== SUPPLIED DATA ==
*** Block opens ***

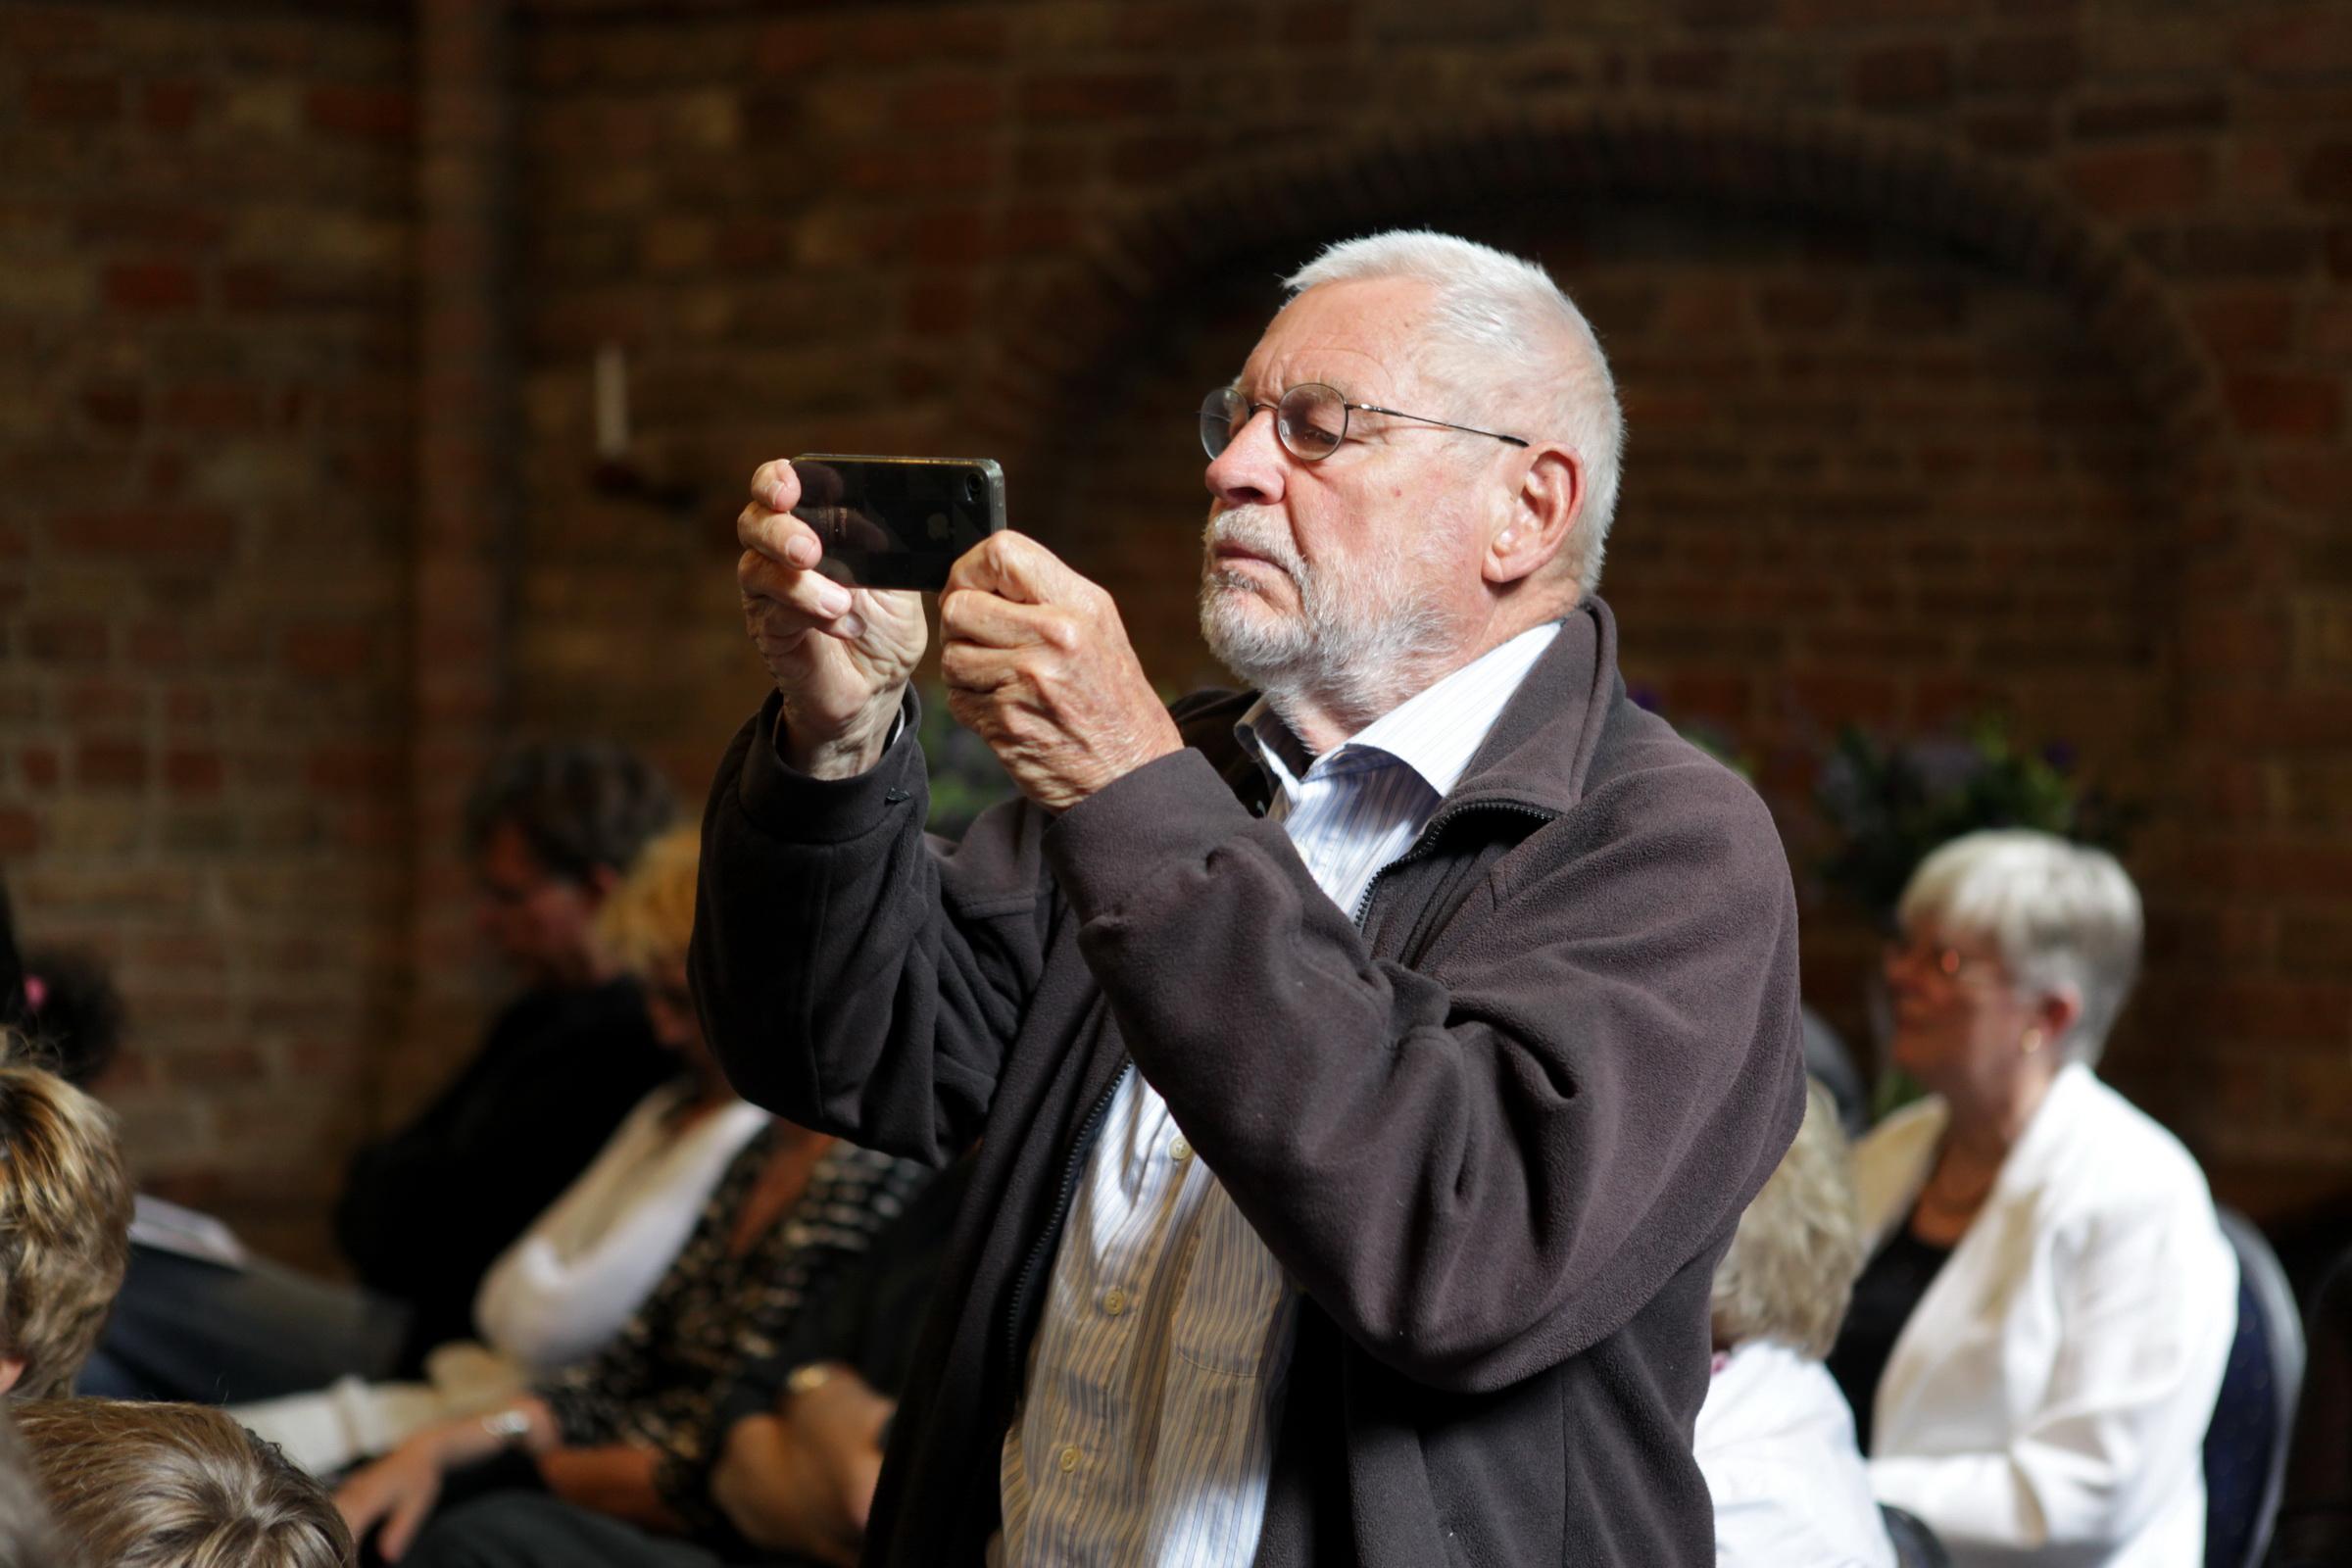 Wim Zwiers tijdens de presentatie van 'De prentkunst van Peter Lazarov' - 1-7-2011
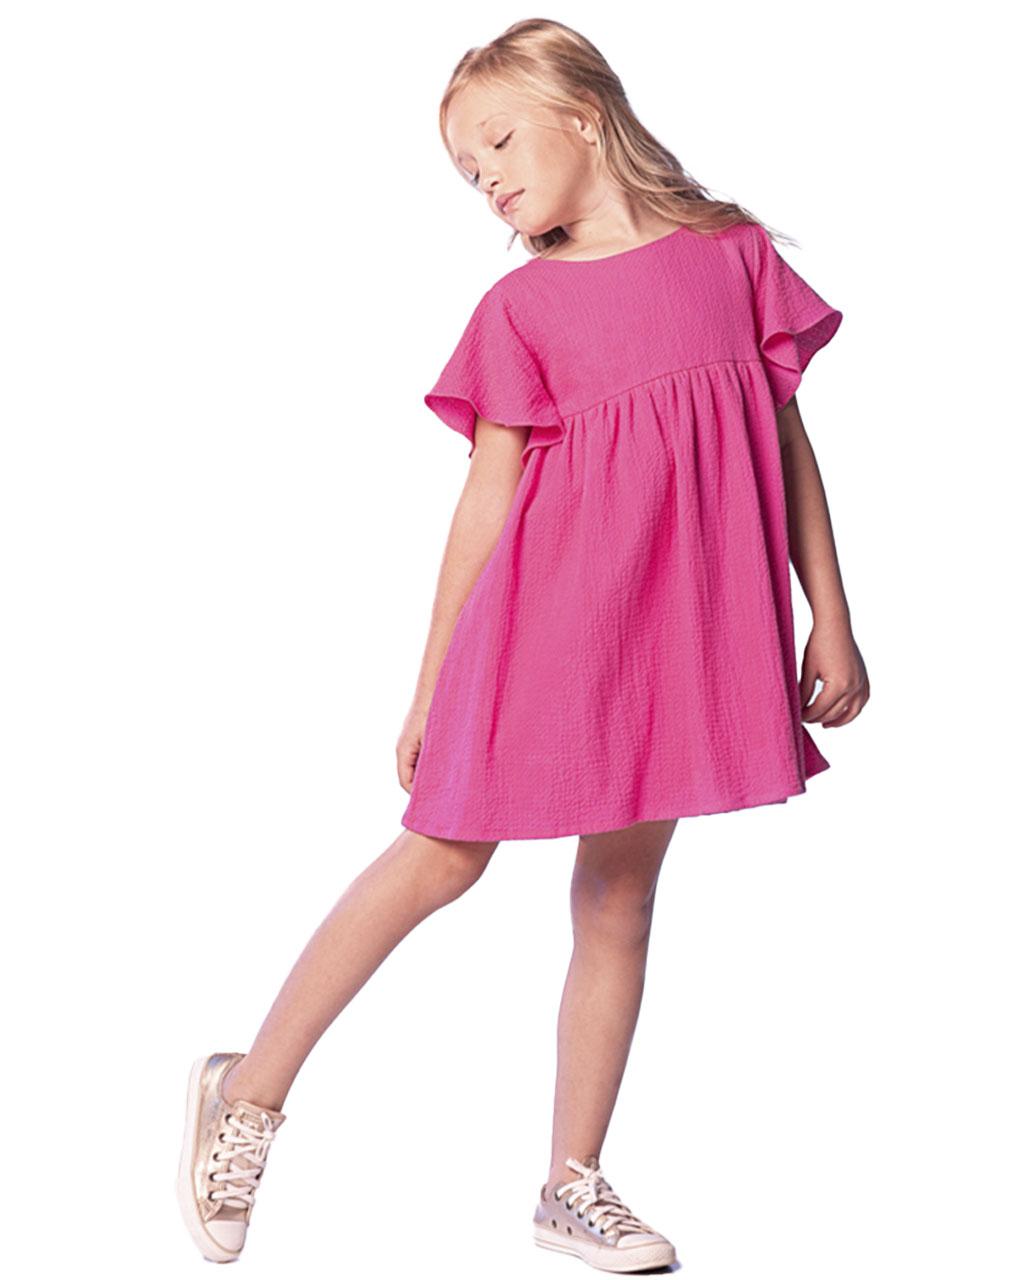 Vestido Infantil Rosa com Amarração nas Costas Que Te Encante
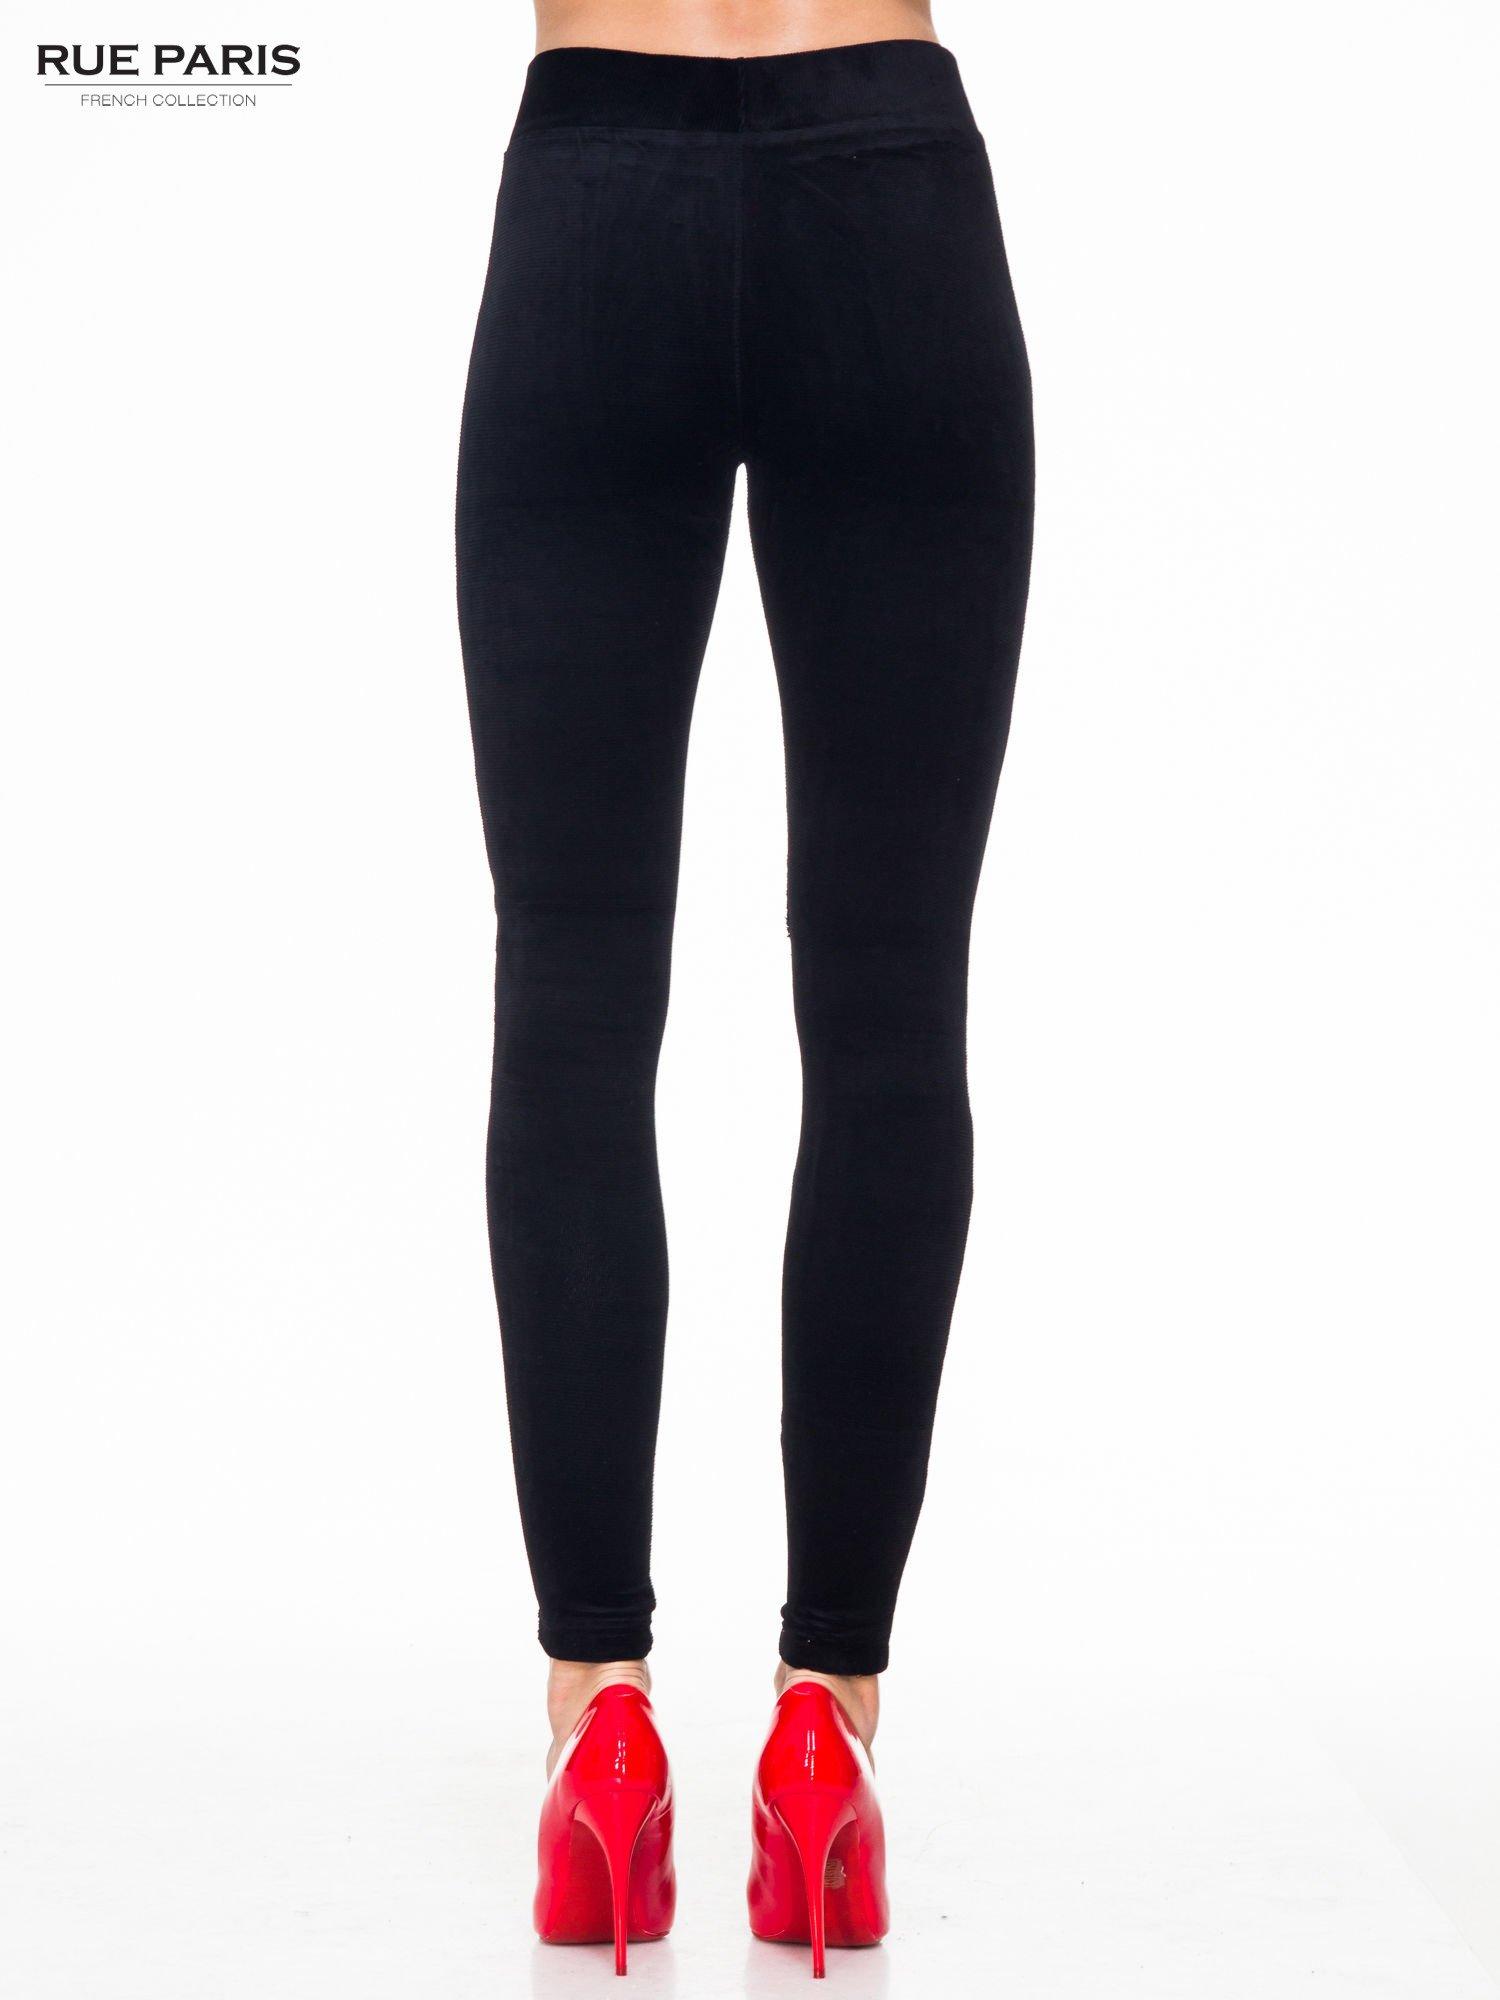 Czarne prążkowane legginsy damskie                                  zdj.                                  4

*** Block closes ***

== ACTIVITY ==
Print the whole listing above once more, word for word, without its pictures.

== ANSWER AREA ==
 Wim Zwiers tijdens de presentatie van 'De prentkunst van Peter Lazarov' - 1-7-2011
 Vestido Infantil Rosa com Amarração nas Costas Que Te Encante
 Czarne prążkowane legginsy damskie                                  zdj.                                  4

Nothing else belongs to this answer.